Look through the material below and say how many of its lines carry the string "Volleyball". Only the number should be given.

The input below:

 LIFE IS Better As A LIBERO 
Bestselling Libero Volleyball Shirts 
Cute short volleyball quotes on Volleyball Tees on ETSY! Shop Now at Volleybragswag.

End of The input.
The input below:

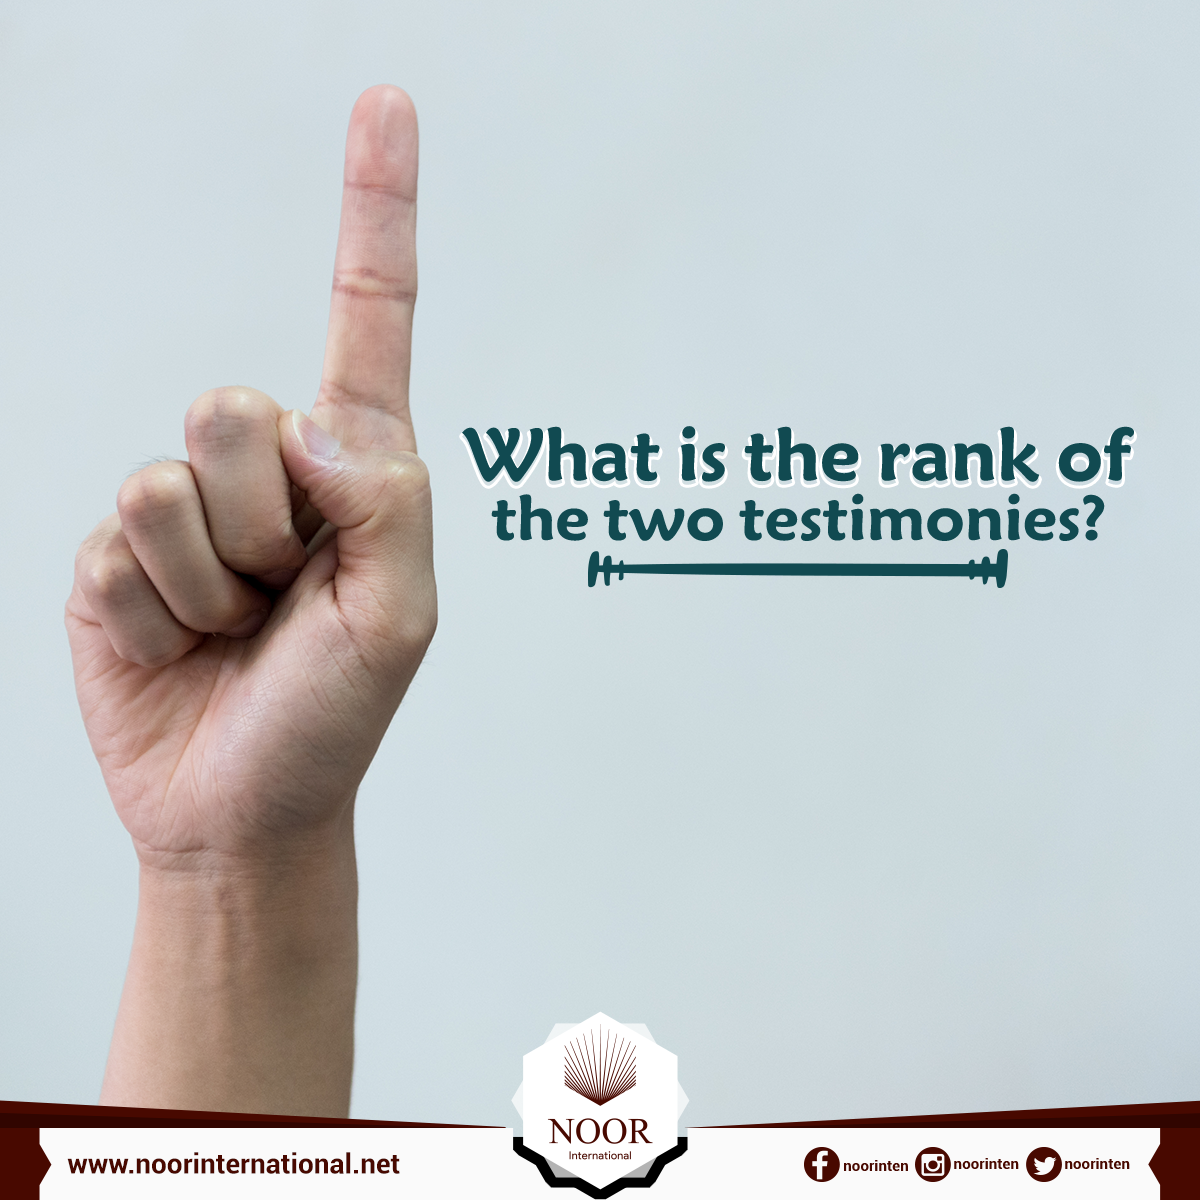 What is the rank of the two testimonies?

End of The input.
The input below:

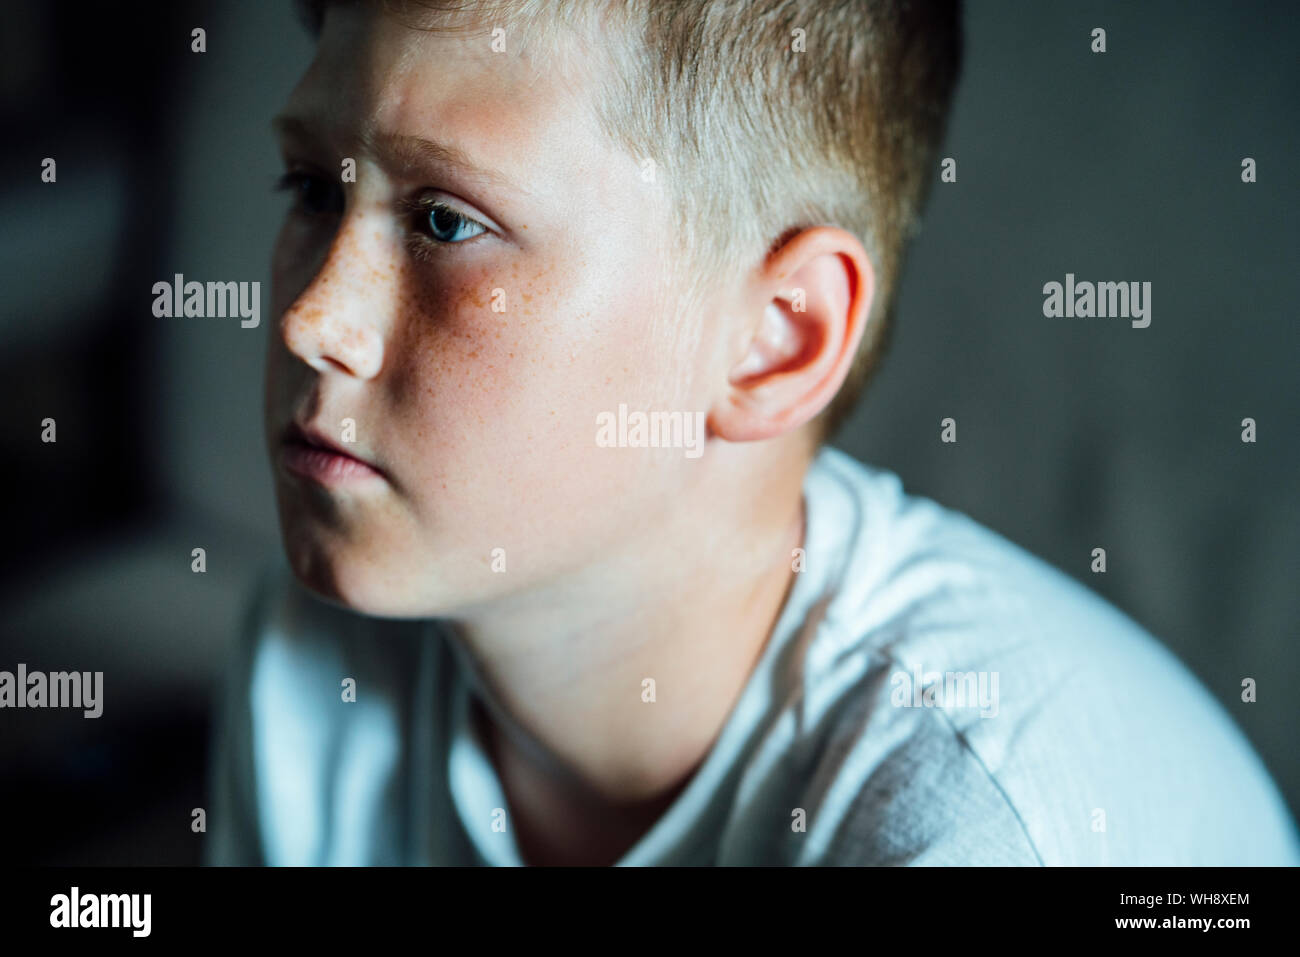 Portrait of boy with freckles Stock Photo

End of The input.

◆ **Exercise output**
2